Data below:
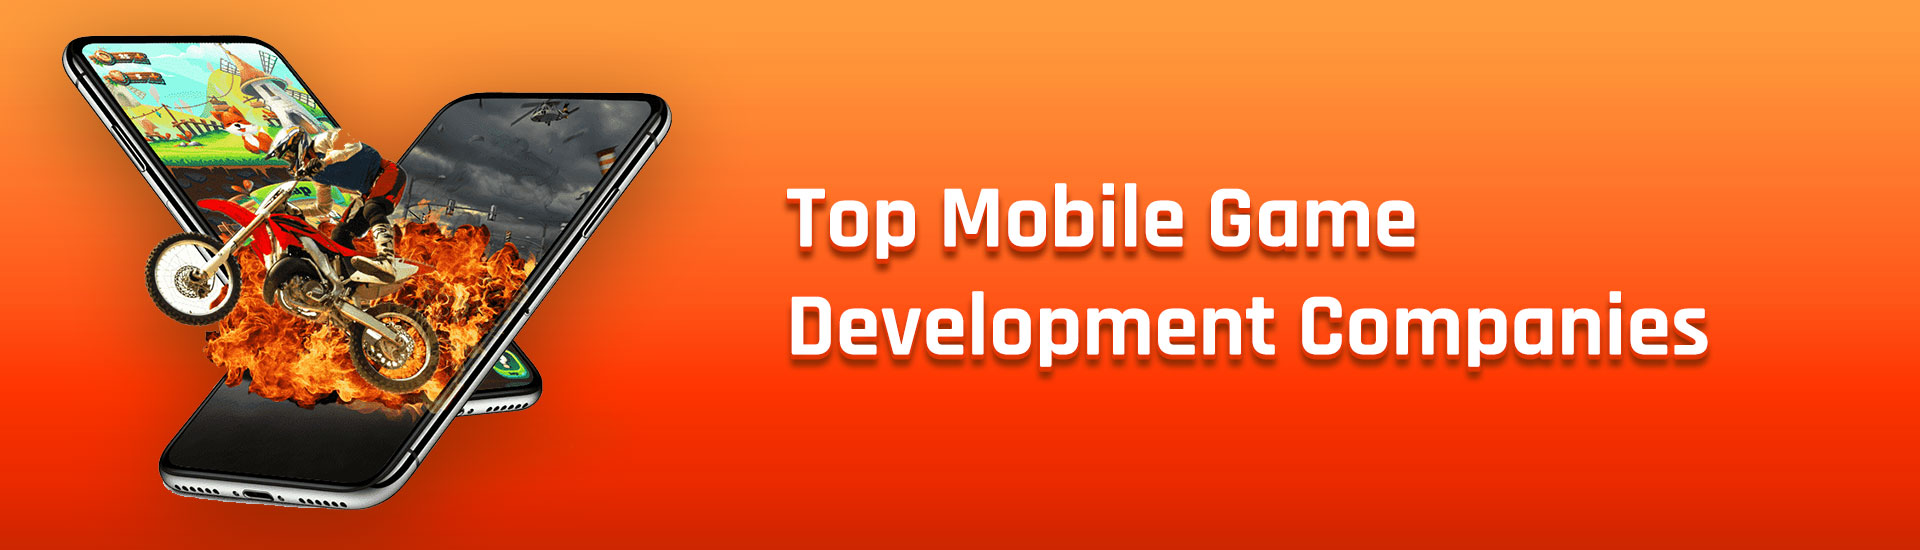 Mobile Game Development Agency
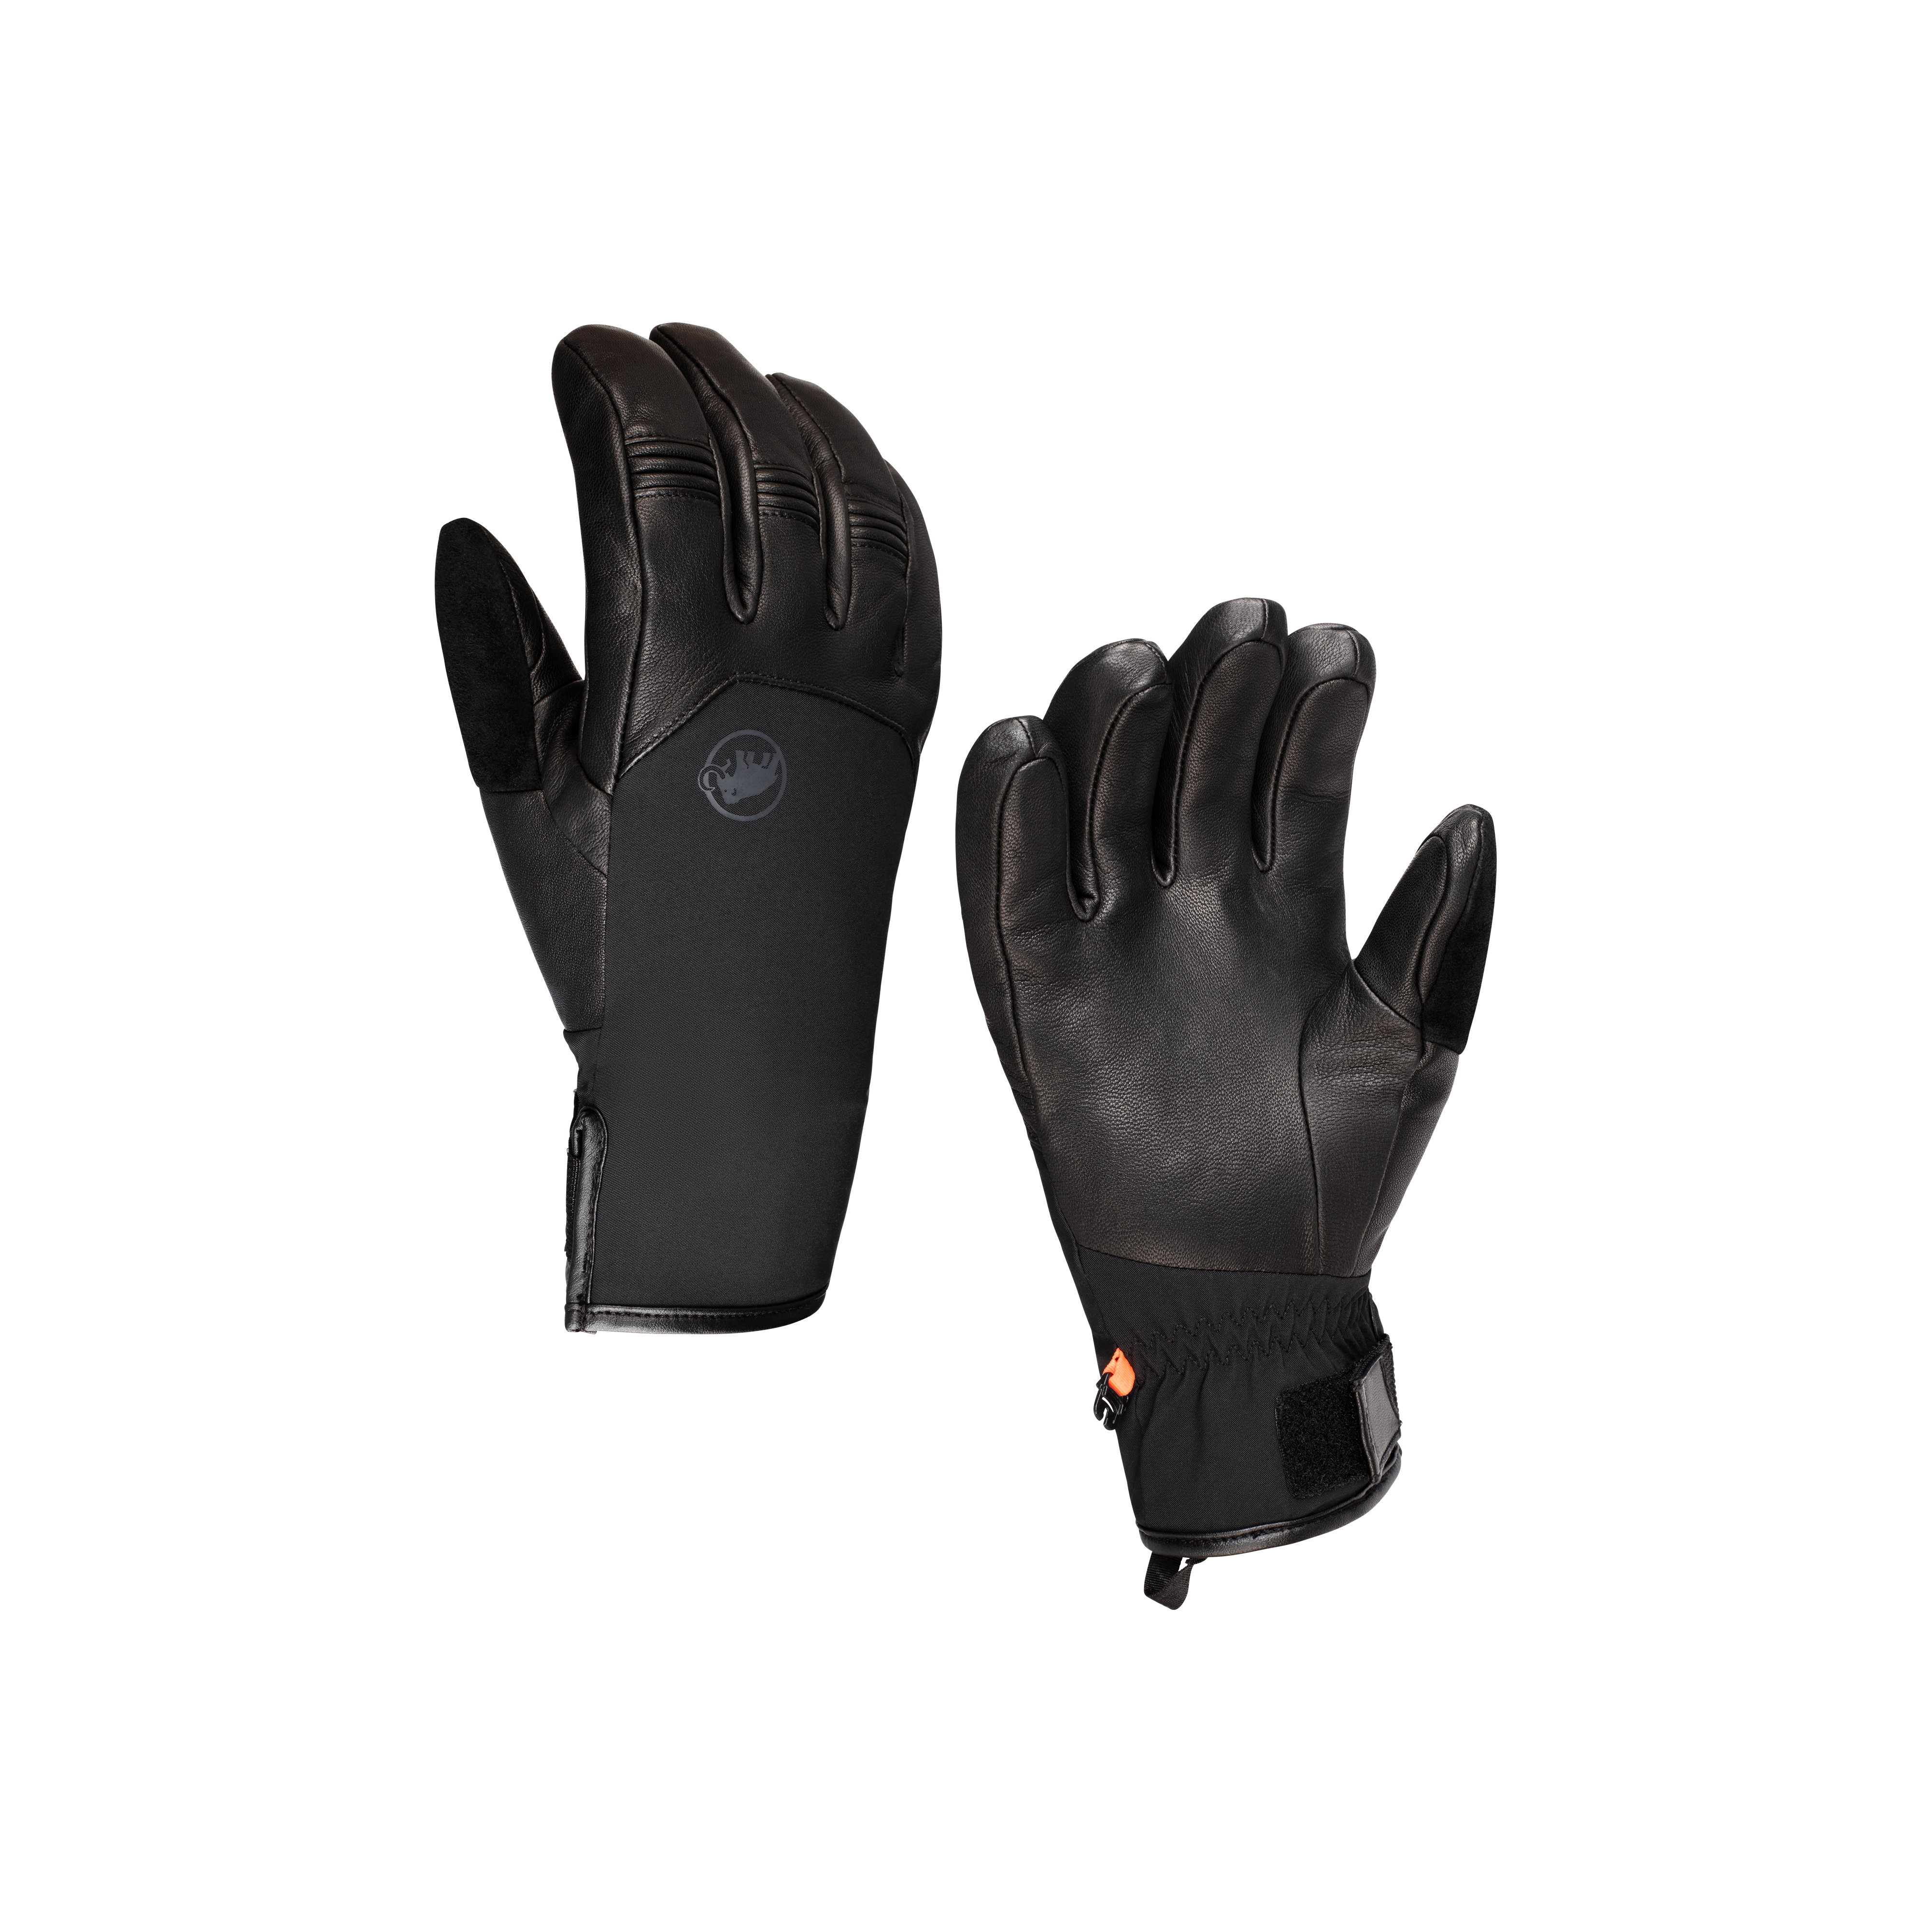 Stoney Glove - black, 6 thumbnail
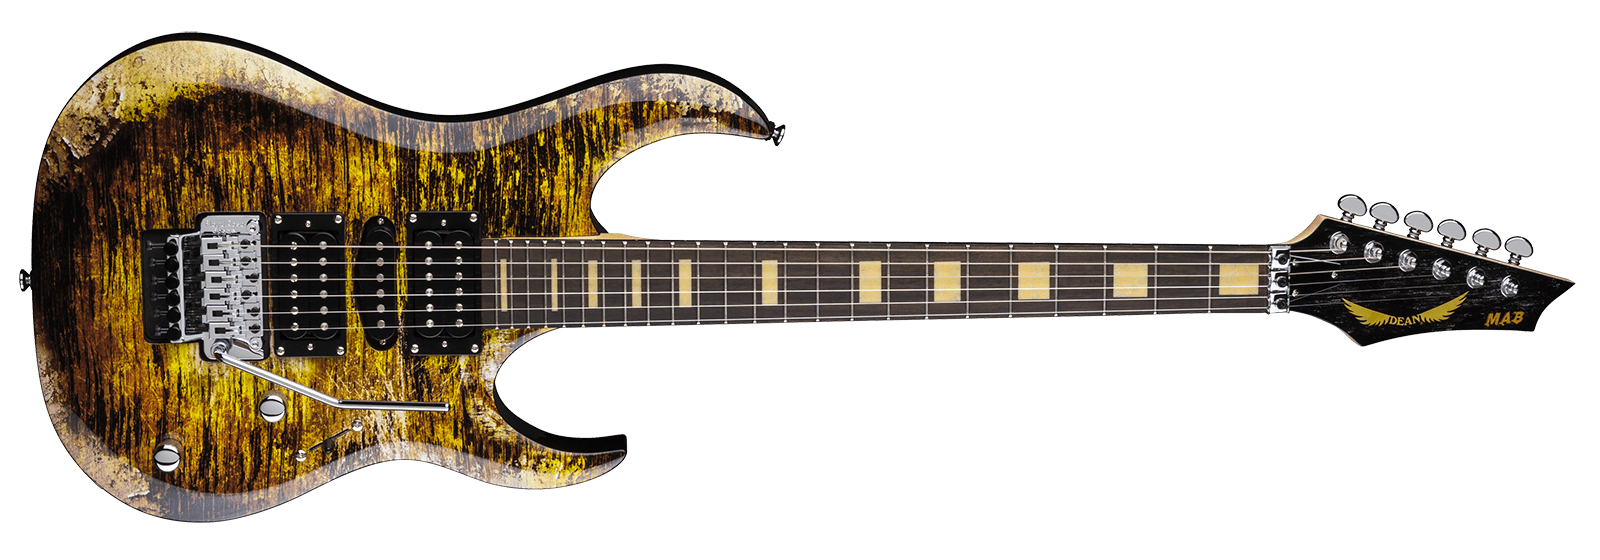 Dean Bass Show Namm Guitar Guitars Electric Clipart

Problem details:
The full listing above, duplicated exactly and without its pictures, is the answer.

Exercise response:
 Mobile Game Development Agency
 Stoney Glove - black, 6 thumbnail
 Dean Bass Show Namm Guitar Guitars Electric Clipart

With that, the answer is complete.